Two Distinct Classes of Quiescent Galaxies at Cosmic Noon Revealed by JWST PRIMER and UNCOVER

TL;DR

This study uses JWST data to reveal two distinct classes of quiescent galaxies at Cosmic Noon, differentiated by mass, age, and morphology, indicating different quenching mechanisms and growth processes.

Contribution

It uncovers a low-mass quiescent size-mass relation flattening and identifies two separate galaxy populations with different properties and formation pathways.

Findings

Low-mass quiescent galaxies are younger and disky.

Massive quiescent galaxies are spheroidal and older.

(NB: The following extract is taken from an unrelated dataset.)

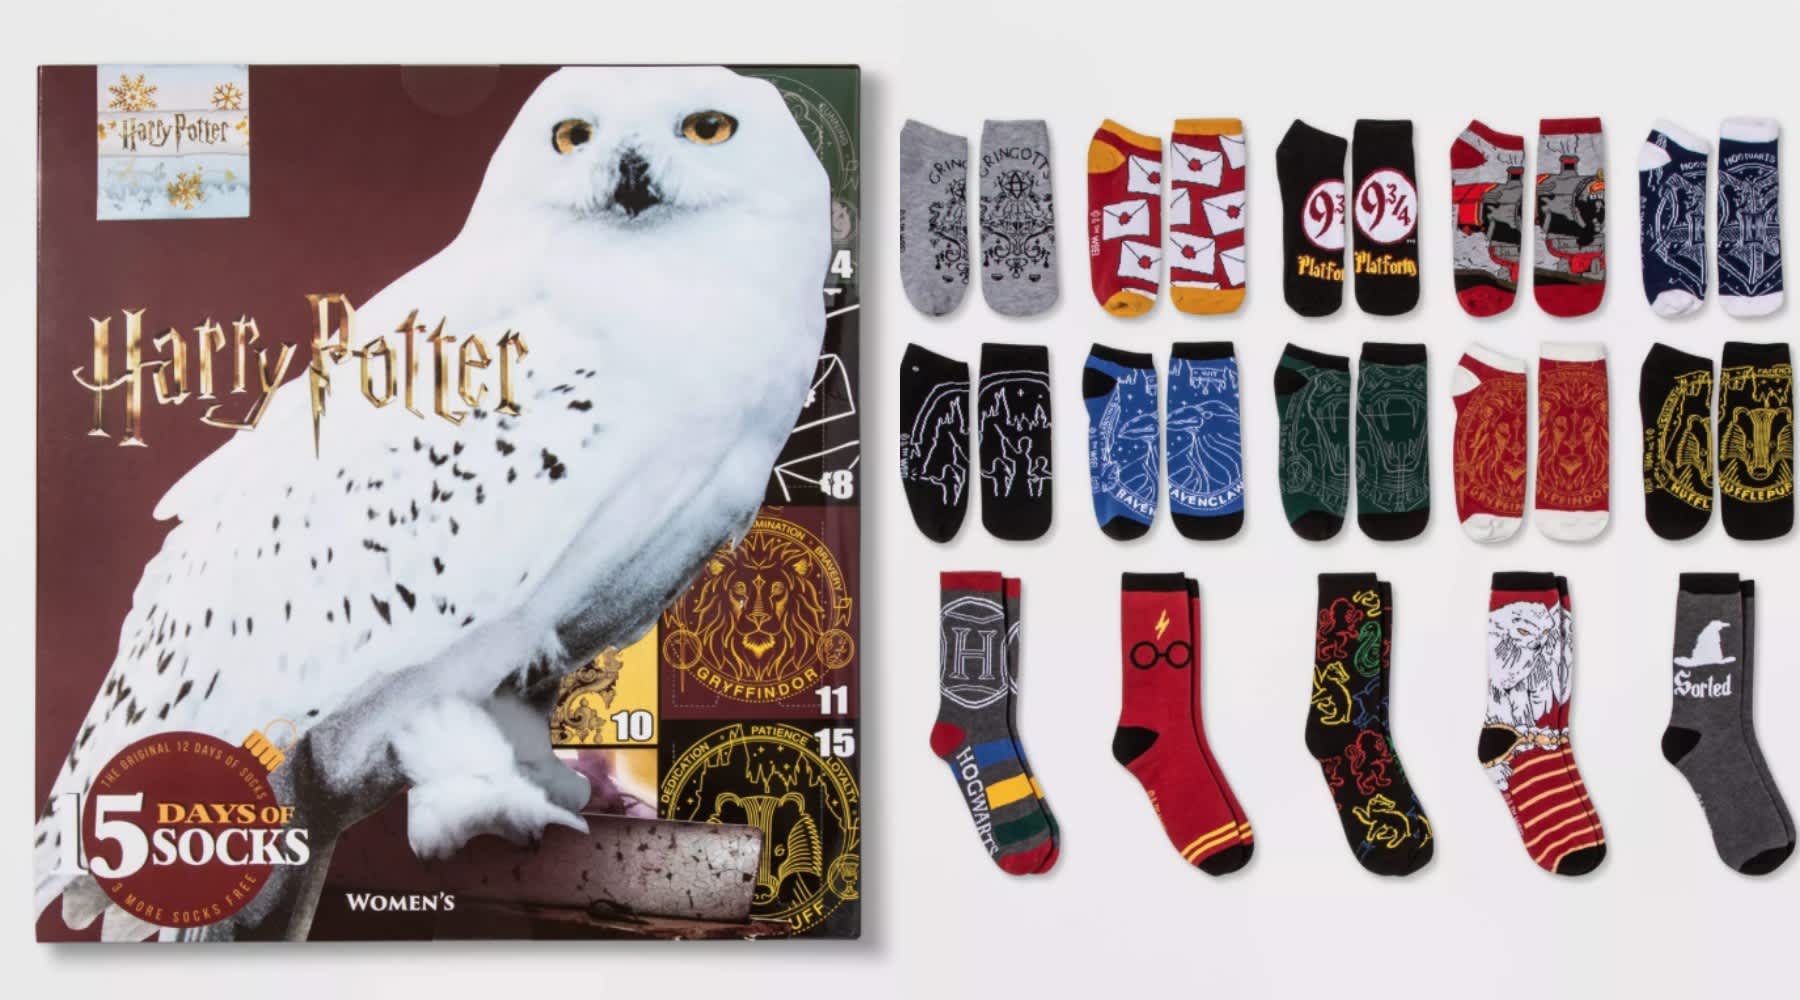 Harry Potter OWL 15 Days of Socks Advent Calendar Christmas Gift
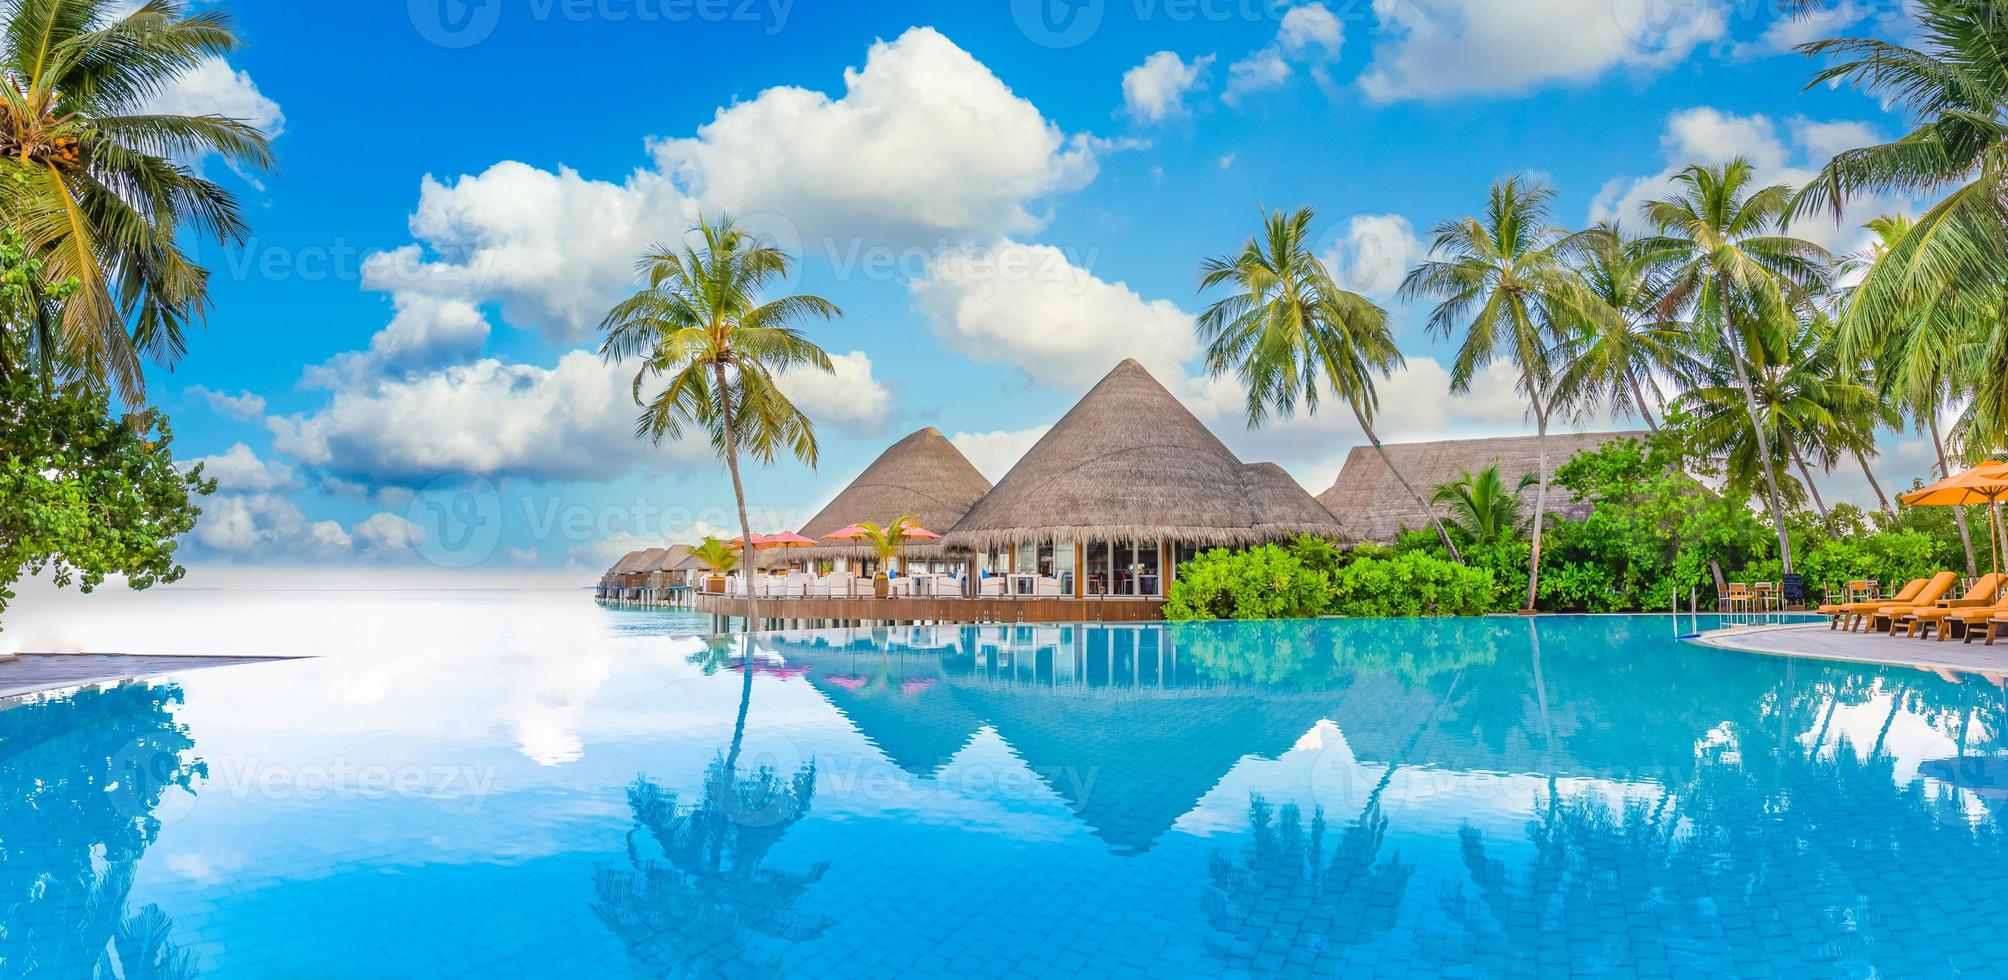 resort di lusso per vacanze estive con riflesso sulla piscina a sfioro, vista sul mare di palme. incredibile paesaggio di viaggio, foto

A transition mass around 10^10.3 solar masses marks a shift in galaxy properties.

Abstract

We present a measurement of the low-mass quiescent size-mass relation at Cosmic Noon (1<z<3) from the JWST PRIMER and UNCOVER treasury surveys, which highlights two distinct classes of quiescent galaxies. While the massive population is well studied at these redshifts, the low-mass end has been previously under-explored due to a lack of observing facilities with sufficient sensitivity and spatial resolution. We select a conservative sample of low-mass quiescent galaxy candidates using rest-frame UVJ colors and specific star formation rate criteria and measure galaxy morphology in both rest-frame UV/optical wavelengths (F150W) and rest-frame near-infrared (F444W). We confirm an unambiguous flattening of the low-mass quiescent size-mass relation, which results from the separation of the quiescent galaxy sample into two distinct populations at $\log(M_\star/M_\odot)\sim10.3$: low-mass quiescent galaxies that are notably younger and have disky structures, and massive galaxies consistent with spheroidal morphologies and older median stellar ages. These separate populations imply mass quenching dominates at the massive end while other mechanisms, such as environmental or feedback-driven quenching, form the low-mass end. This stellar mass dependent slope of the quiescent size-mass relation could also indicate a shift from size growth due to star formation (low masses) to growth via mergers (massive galaxies). The transition mass between these two populations also corresponds with other dramatic changes and characteristic masses in several galaxy evolution scaling relations (e.g. star-formation efficiency, dust obscuration, and stellar-halo mass ratios), further highlighting the stark dichotomy between low-mass and massive galaxy formation.